Should I use PCA or EFA?

PCA and EFA are often confused but serve different purposes. PCA is a data reduction technique that creates composites of all variance (shared and unique). EFA specifically models shared variance to identify latent constructs. For instrument development and theory testing, EFA is preferred.

How do I decide between orthogonal and oblique rotation?

Use oblique rotation as the default. If the resulting factor correlations are all below .32, the solution is essentially the same as an orthogonal solution, so you can report the orthogonal version for simplicity. If correlations exceed .32, stick with oblique rotation because forcing orthogonality would distort the true relationships.

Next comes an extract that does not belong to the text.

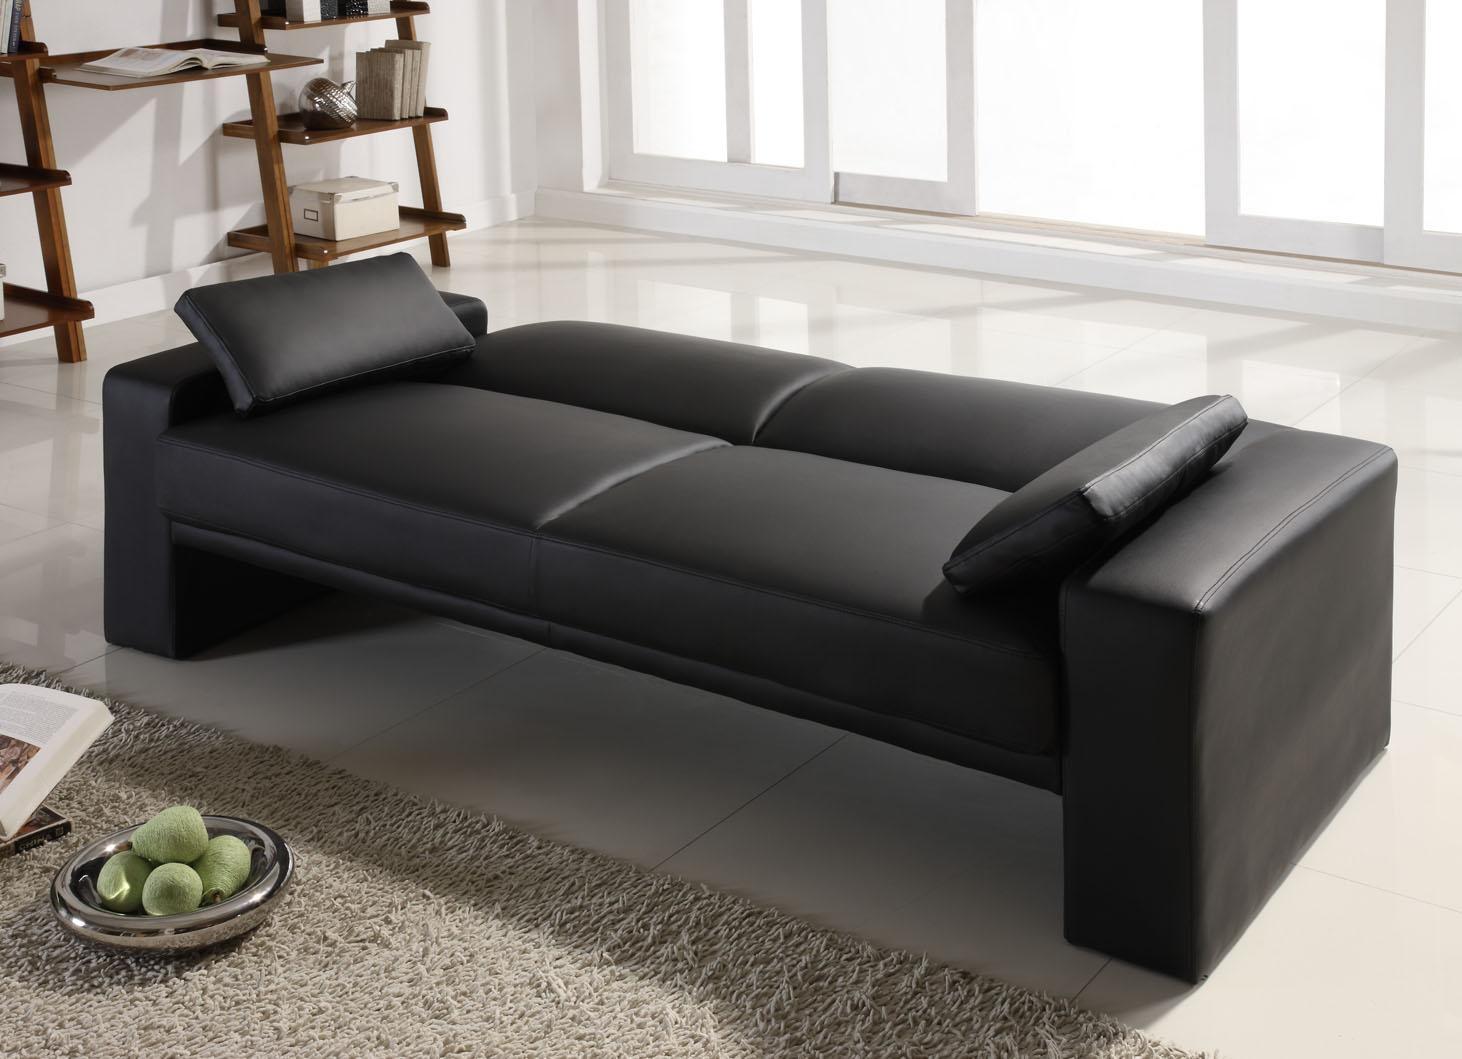 Sofas Center : Bycast Leather Futon Sofa Emily Faux Convertible Throughout Faux Leather Futon Sofas (View 2 of 20)

What should I do if an item cross-loads?

First, check if the cross-loading is substantial (both loadings above .32). If the difference between the two highest loadings is .20 or more, assign the item to the higher-loading factor. If the difference is less than .20, consider removing the item and re-running the analysis.

Can I run EFA in StatMate with a small sample?

StatMate will compute the results regardless of sample size, but the factor solution may be unstable with fewer than 100 observations. StatMate displays a warning when the sample size is below recommended thresholds.